In the experimental stage, a random forest and a SVM classifier were built which operated on the regions defined by the superpixels generated by Algorithm 1. A total of 384 features were extracted from 100 WSIs including local binary patterns and statistics derived from the histogram of the three-channel HSD color model as well as texture features, e.g. color SIFT. The proposed method was compared with superpixels generated by SLIC [1] and tetragonum (non-superpixel). The experiments used the adenocarcinoma and squamous cell carcinoma lung cancer images from the NLST (National Lung Screening Trial) Data Portal1Footnote 1. We conduct 10-fold cross-validation before recording and perform all experiments in a workstation of Intel i7-4770 CPU.

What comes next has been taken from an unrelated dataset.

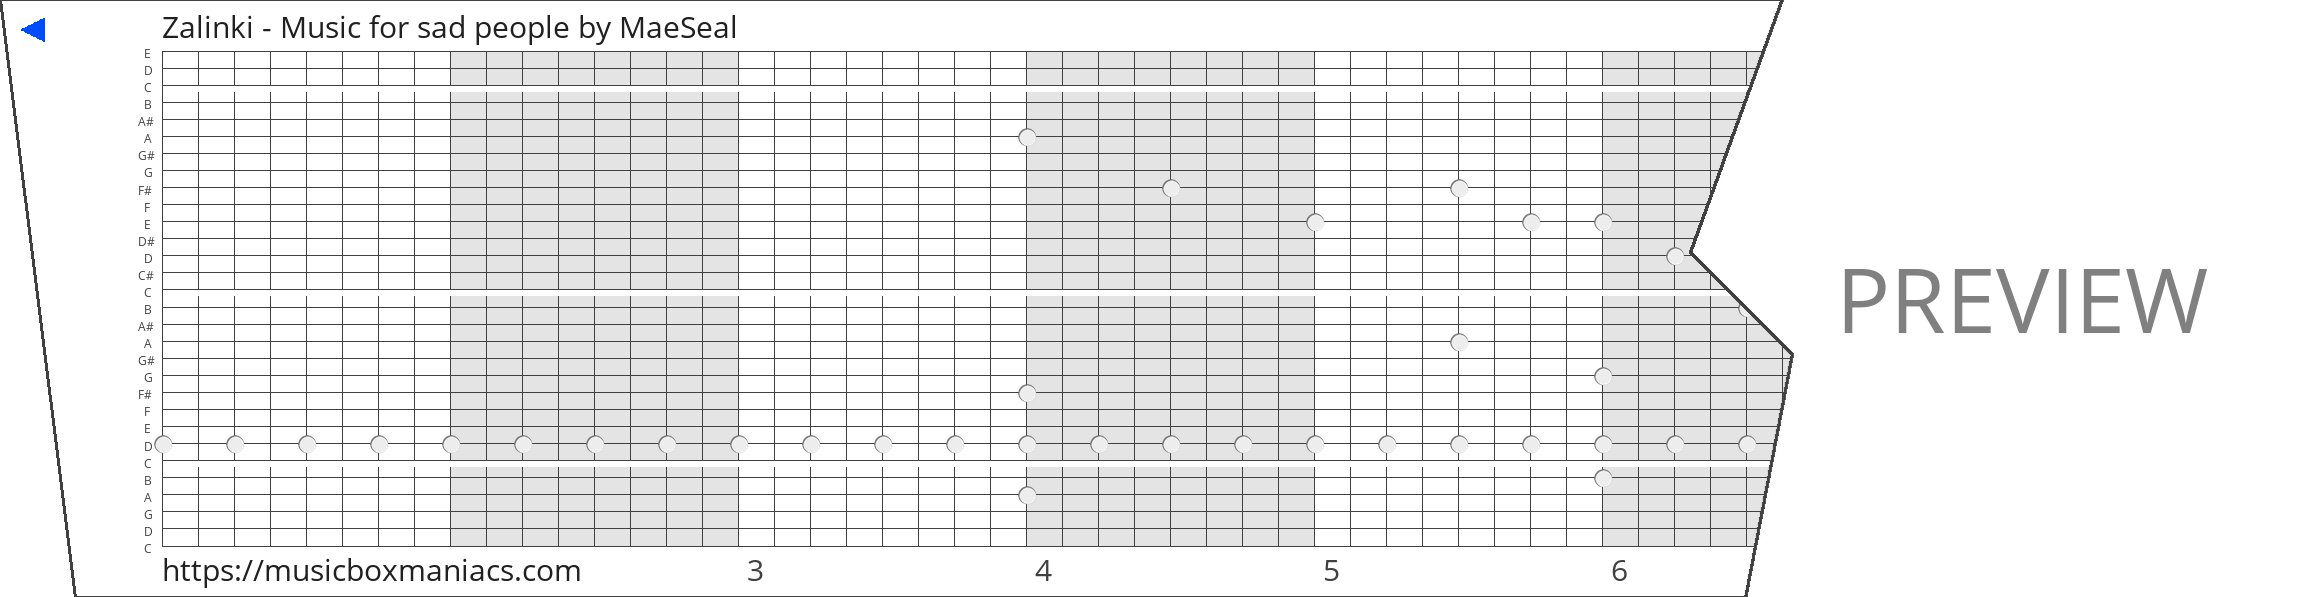 Zalinki - Music for sad people 30 note music box paper strip

Table 1. The table presents the comparison results of the proposed superpixels, SLIC and tetragonum (non-superpixel) in term of classification statistics including: the rate of error classification, precision and recall. Tetragonum: sliding rectangular windows.

3.2 Numerical Results

Due to the overwhelming fidelity of our superpixels, the classifier operates over the regions segmented by the proposed superpixel algorithm is able to deliver better classification accuracy (See Table 1). Since the feature descriptors were built on the patches segmented by contours of superpixels, the better the superpixel fitting the natural boundaries, the better the extracted features characterize the sample patches. In Fig. 3, we show a typical process of recursive coarse-to-fine refinement over the multi-resolution image set for lung cancer histopathology images. We first do a coarse-to-fine superpixel generation over low magnification image (Step 1 & 2), and then we map the superpixel mask (Fig. 3) to an image of higher magnification (Step 3) and repeat the Step 1 & 2. The recursive refinement does not stop until the image of highest resolution (WSI) with converged energy function [10]. Due to the reduced complexity of superpixel construction, we could significantly finish the patch-feature extraction in a much shorter time. Our method is possible to shrink the processing time cost to B/N, where N \(\gg \) B in WSI. The ROC curves indicates the improvement on ROI detection accuracy brought by the new superpixel algorithm.

Fig. 3.
figure 3

A coarse-to-fine approach operates on a multi-resolution images set of a lung cancer WSI: (1) Coarse segmentation of superpixels using large blocks in images of low magnification (180\(\times \)180); (2) Refine the segmentation using small blocks; (3) Mask mapping to images of higher magnification (\(3*10^3\times 5*10^3\)); (4) ROC of random forest classifier trained on set of superpixel-based patches generated by our algorithm [10], SLIC [1] and rectangular patches.

4 Conclusion

In the paper, we presented a novel solution to fast detection of ROI in whole slide lung cancer histopathology image. We integrated the novel superpixel generation algorithm with a multi-level block-wise optimization scheme. Our algorithm performed a faster and finer ROI detection and segmentation process, which ensure a more accurate classification of ROI. The effectiveness and efficiency of our algorithm has been verified on large histopathology WSI database, e.g. NLST.